In the wake of last week’s Super Bowl, Joe Blogs takes a look at the legacy of Peyton Manning.

5. “An increasing reliance on empirical evidence may be the logical conclusion of a sport that has started to take itself too seriously, but football is one of the most fluid team sports there is and trying to codify every aspect is a futile task. Momentum can change in minutes – the crowd respond, the atmosphere changes and everyone is affected, but there is no statistic to explain it.

“Analysis has now taken on visual form courtesy of “heat maps”, which have recently crept into Match of the Day, giving football’s new snake oil a national audience. Bearing slight resemblance to the heat vision scenes in Predator, the concept behind heat maps is to capture the locations of a footballer during a match using colourful splodges.

“To date their findings have been less than dramatic: Match of the Day featured one highlighting Pablo Zabaleta’s presence on the right flank, which is of course the last place you’d expect to find a right-back.”

When Saturday Comes analyses the growing phenomenon of football statistics and asks whether we rely too heavily on such details.

6. “It’s Friday, January 17, and the tennis world’s attention is focused half a world away, on Australia, where in a few hours Donald Young, the last American man in the draw, will get steamrolled in the third round. For his efforts, Young, ranked no. 91 in the world, will earn $75,000 before taxes.1 Here in Florida, King and Jung, ranked 590th and 379th, respectively, each stand to win $310 if they prevail.”

Grantland profile the less heralded players in the world of tennis.

7. “Paul Schlemmer had never photographed underwater before.
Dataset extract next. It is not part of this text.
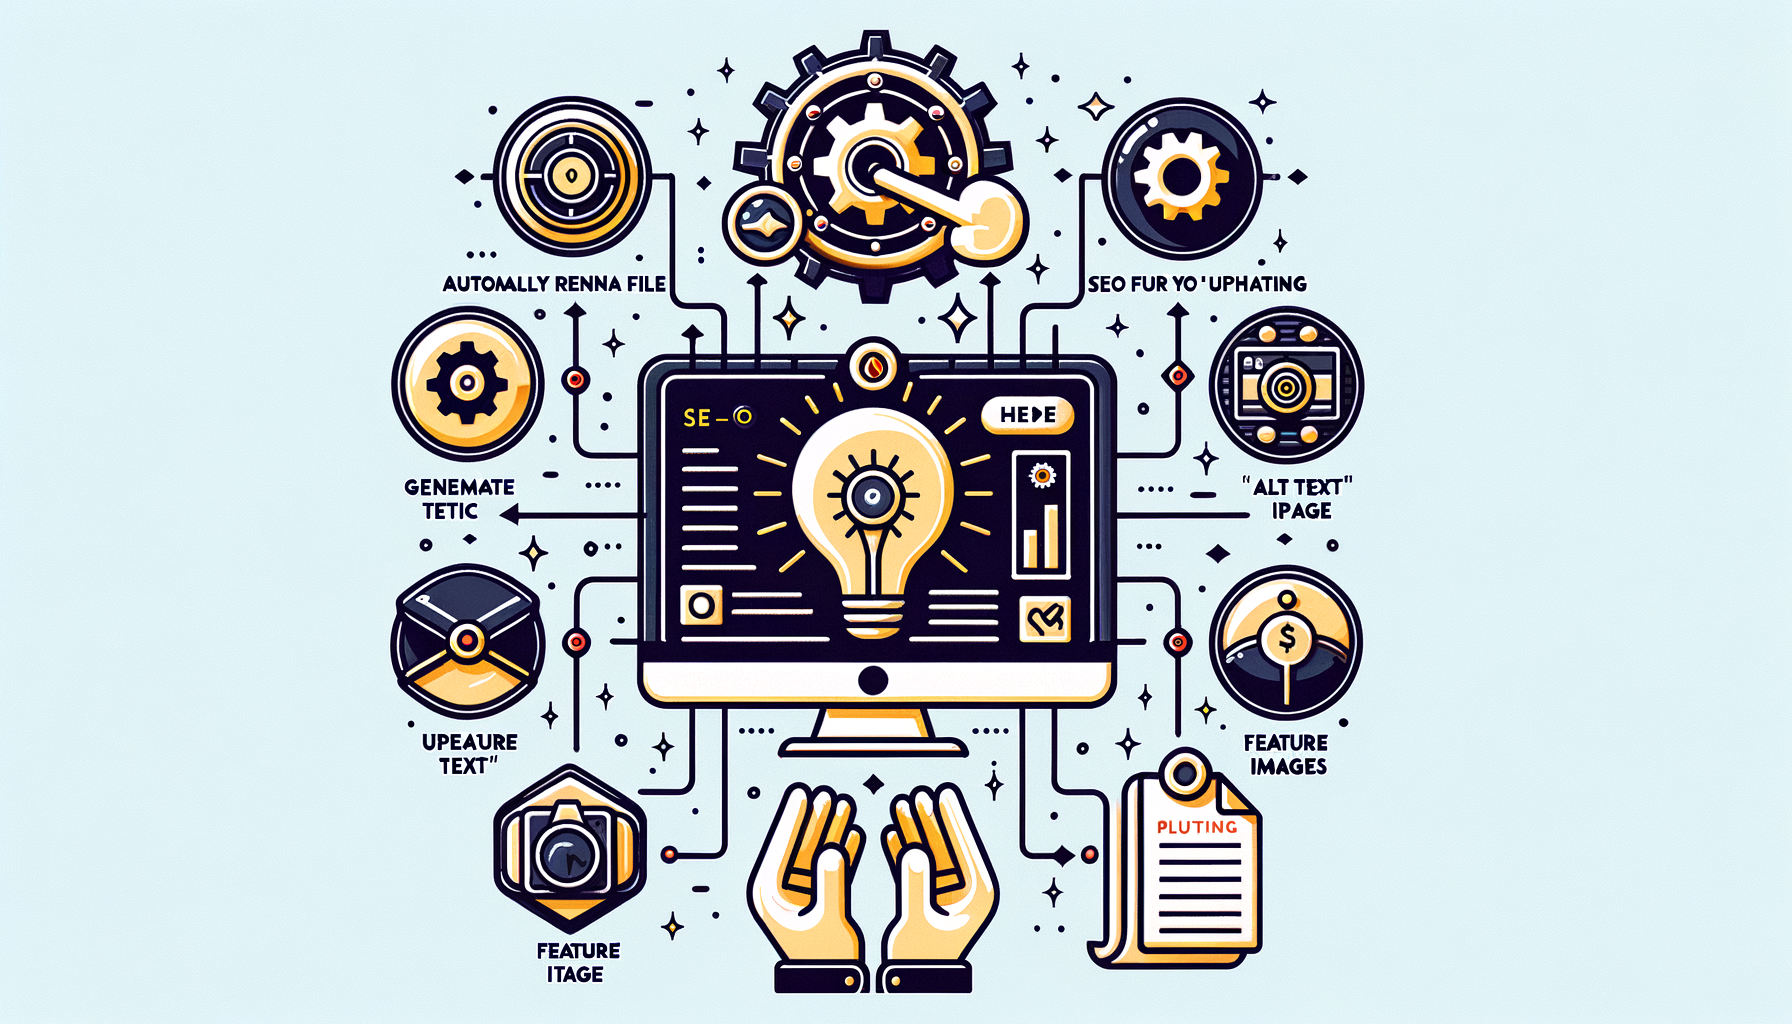 A digital illustration themed around website optimization and SEO (Search Engine Optimization) in a two-tone color scheme, predominantly yellow and dark blue, against a pale blue background. The central image shows hands typing on a laptop keyboard, with the laptop screen displaying a magnifying glass symbolizing search, surrounded by various icons. These icons represent different aspects and tools of SEO and website maintenance, such as gears, graphs, cloud computing, a globe with magnifying glass, and document symbols. Text labels such as "Automatically Renewal SSL," "SEO," "Update Text," and "Feature Images" are integrated within the design to describe each icon's function. The overall image is constructed in a network style arrangement, suggesting the interconnected nature of the different components of web management.

But when a friend asked if he would like to photograph the youth synchronized swimming club Synchro Olomouc’s Christmas showcase in the eastern Czech city of Olomouc, he jumped at the opportunity. “I was interested because I love being in water and I love shooting and I’m always trying to be as curious about the world around me as possible,” Schlemmer said via email.”

This piece (and in particular, the images that go with it) is quite simply magnificent.